## ACTION ITEM:
Could you output exactly the lines running from the one containing "Violet Myers Violetmyers" to the final line of the listing below, leaving out pictures?

═════ COLLECTED MATERIAL ═════

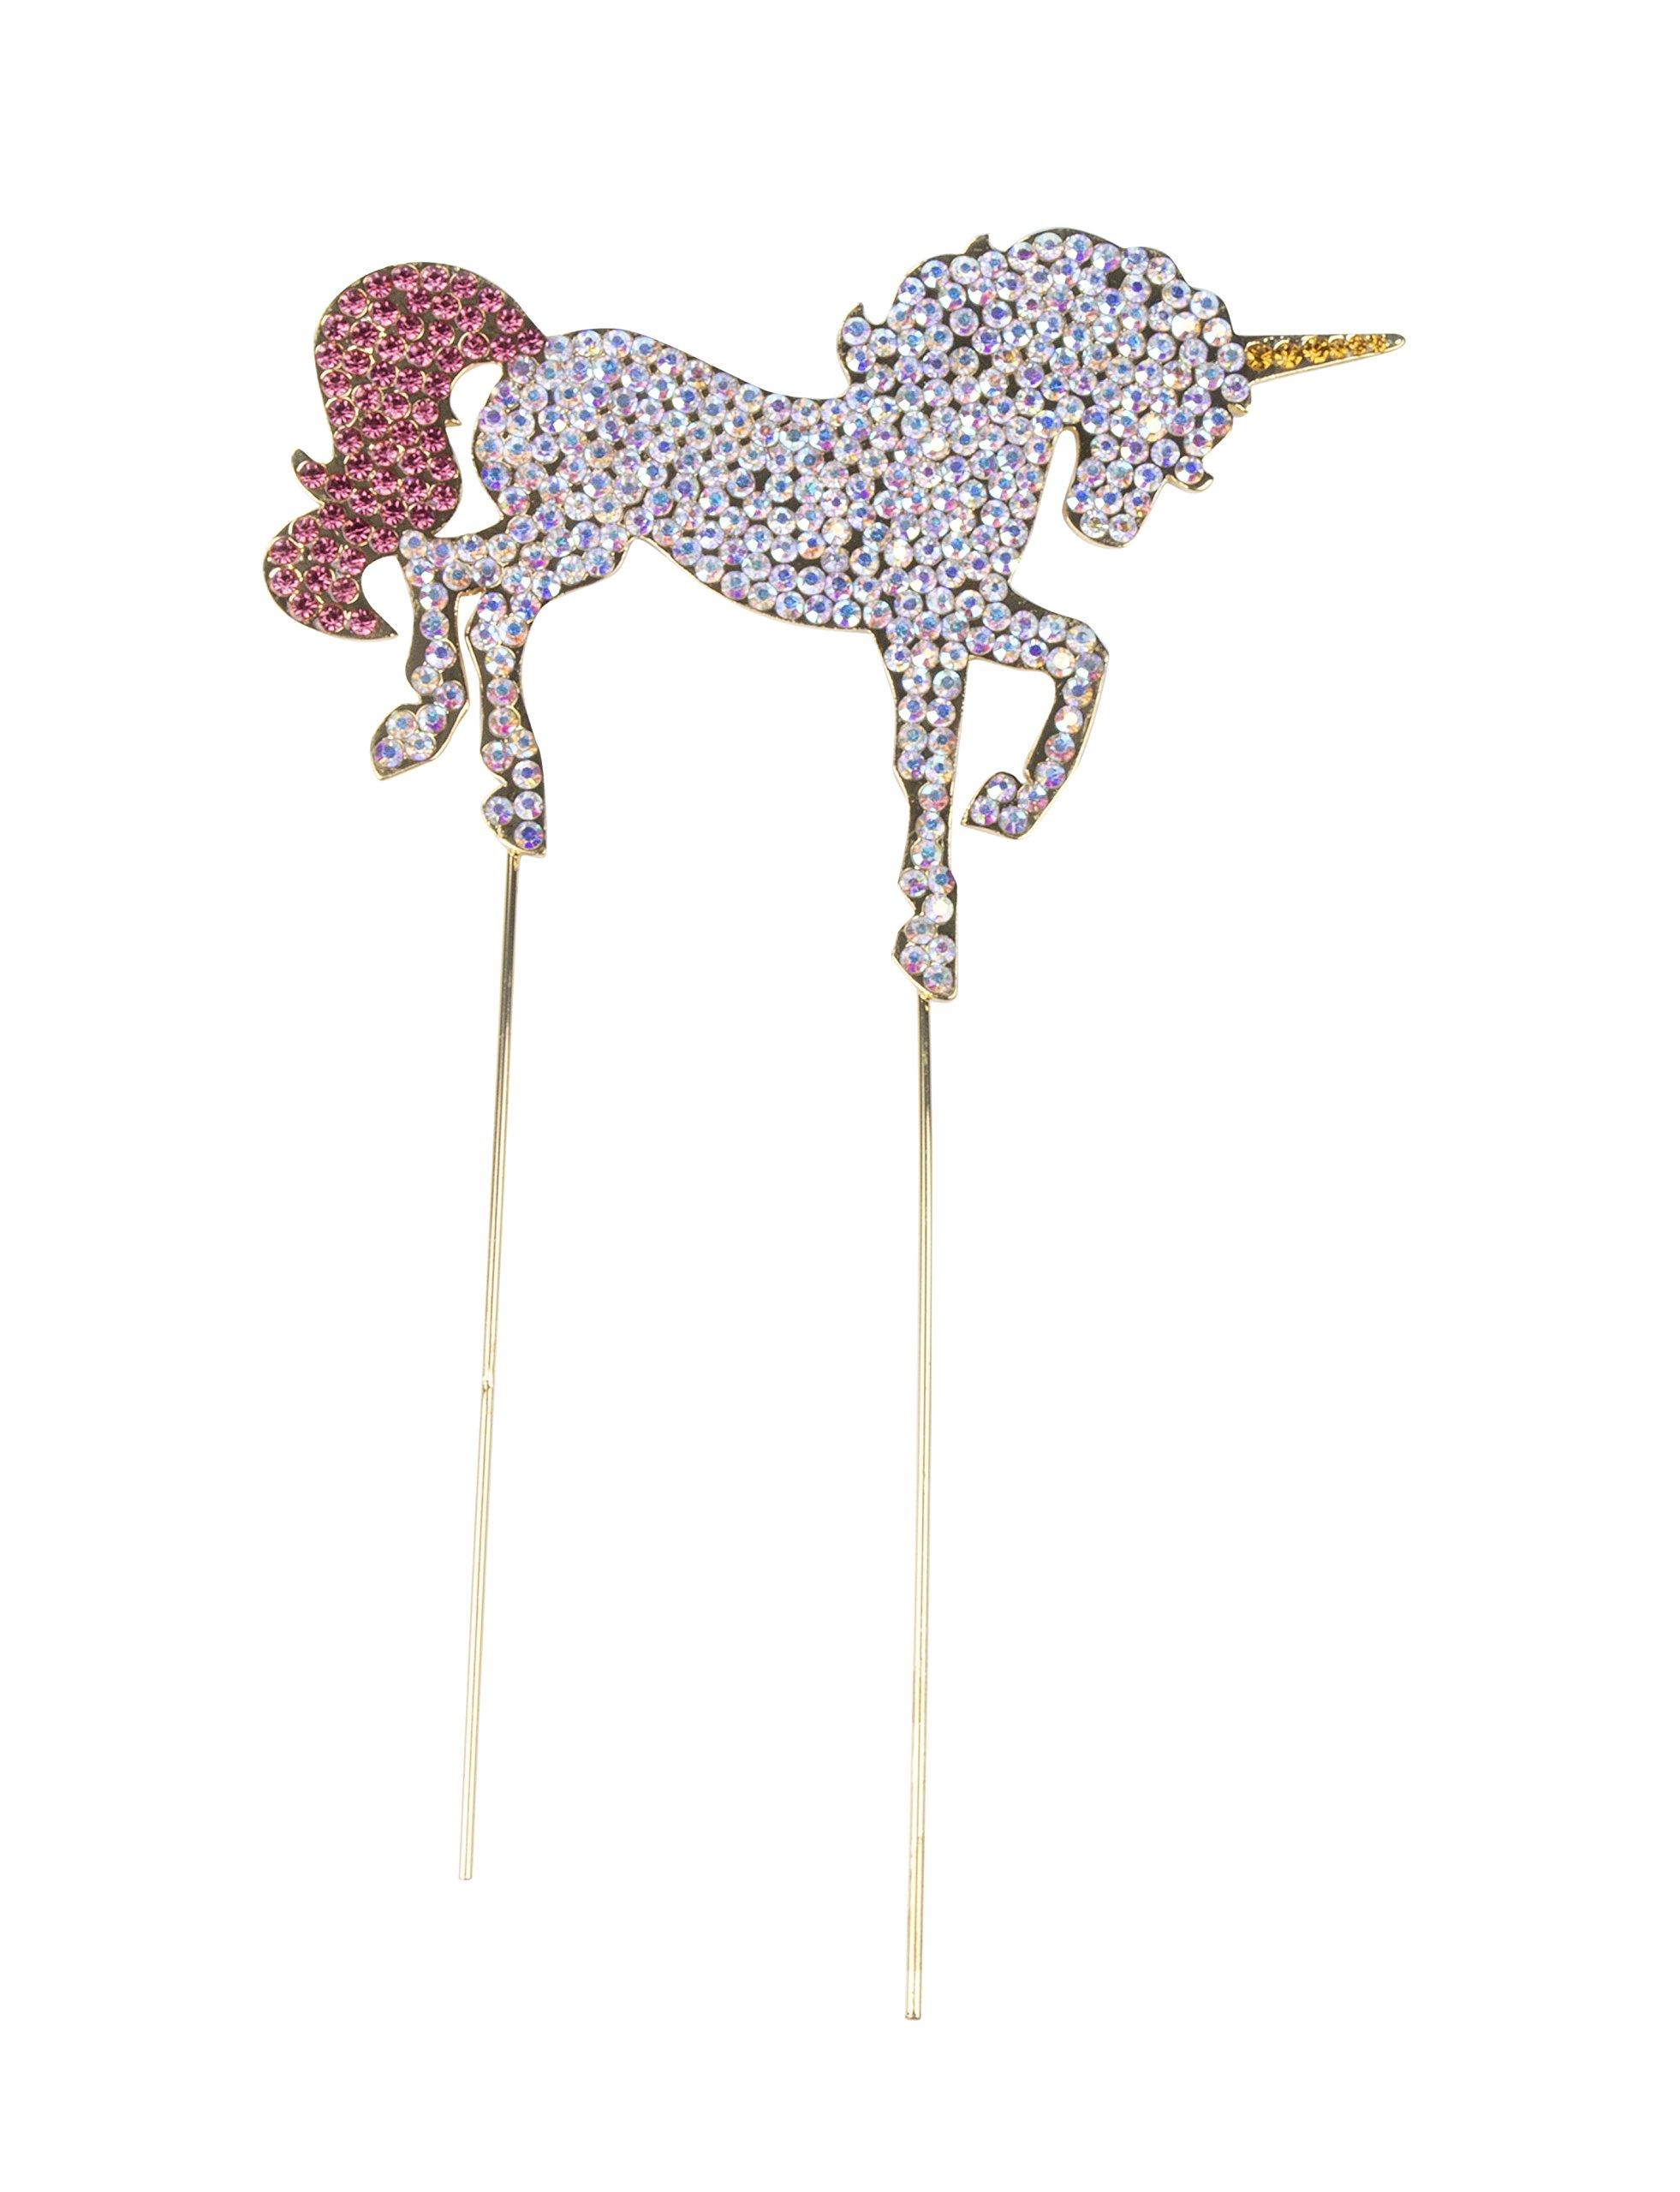 Unicorn Cake Topper - Cake Decoration, Rhinestone Cake Topper for Birthday, Girls Party, Bridal Shower, Baby Shower, Unicorn Design
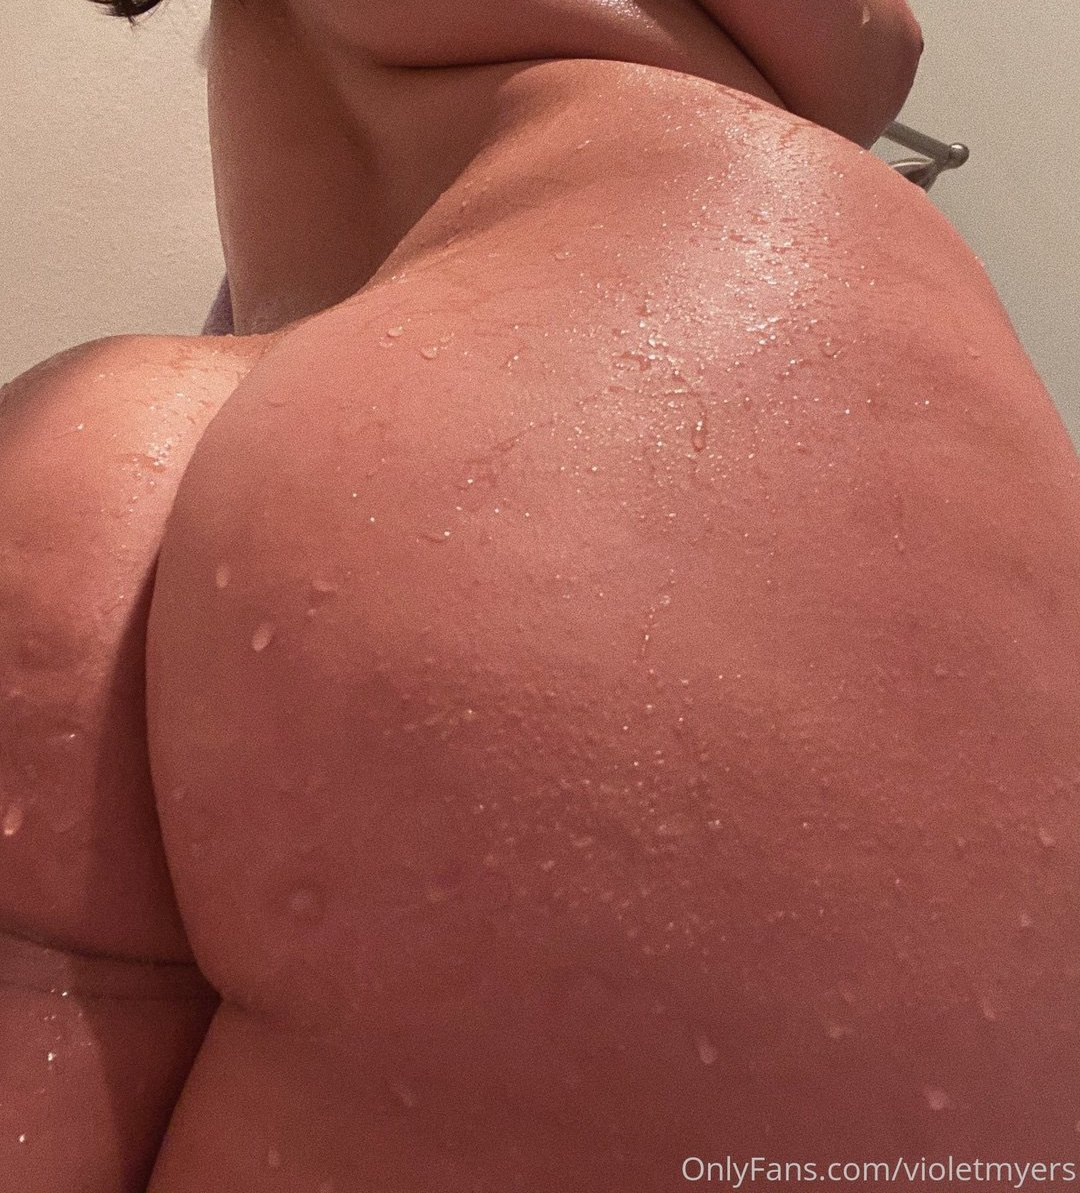 Violet Myers Violetmyers Onlyfans Nudes Leaks 0005
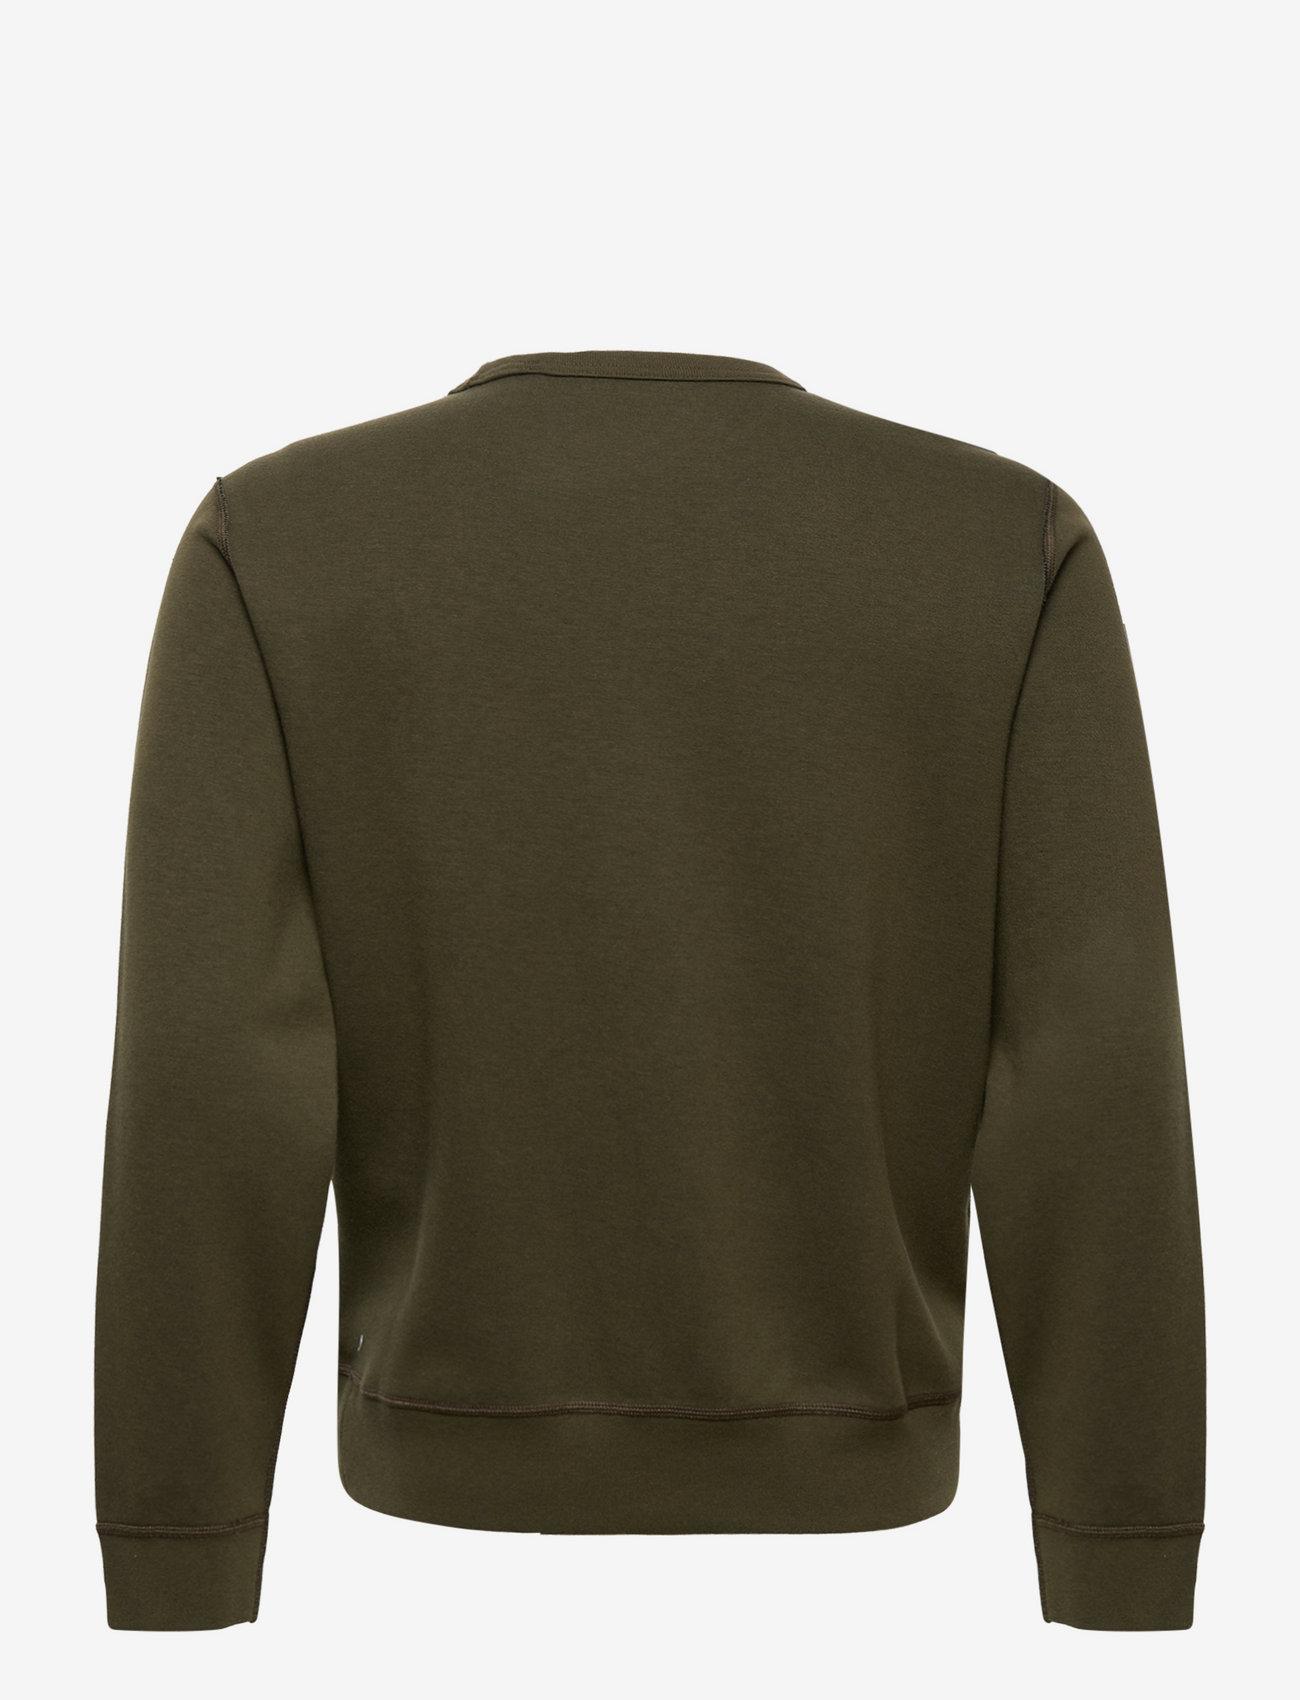 Double-knit Sweatshirt (Company Olive/c97) - Polo Ralph Lauren U1kSKG

═════

## WRITTEN ANSWER:
 Violet Myers Violetmyers Onlyfans Nudes Leaks 0005
 Double-knit Sweatshirt (Company Olive/c97) - Polo Ralph Lauren U1kSKG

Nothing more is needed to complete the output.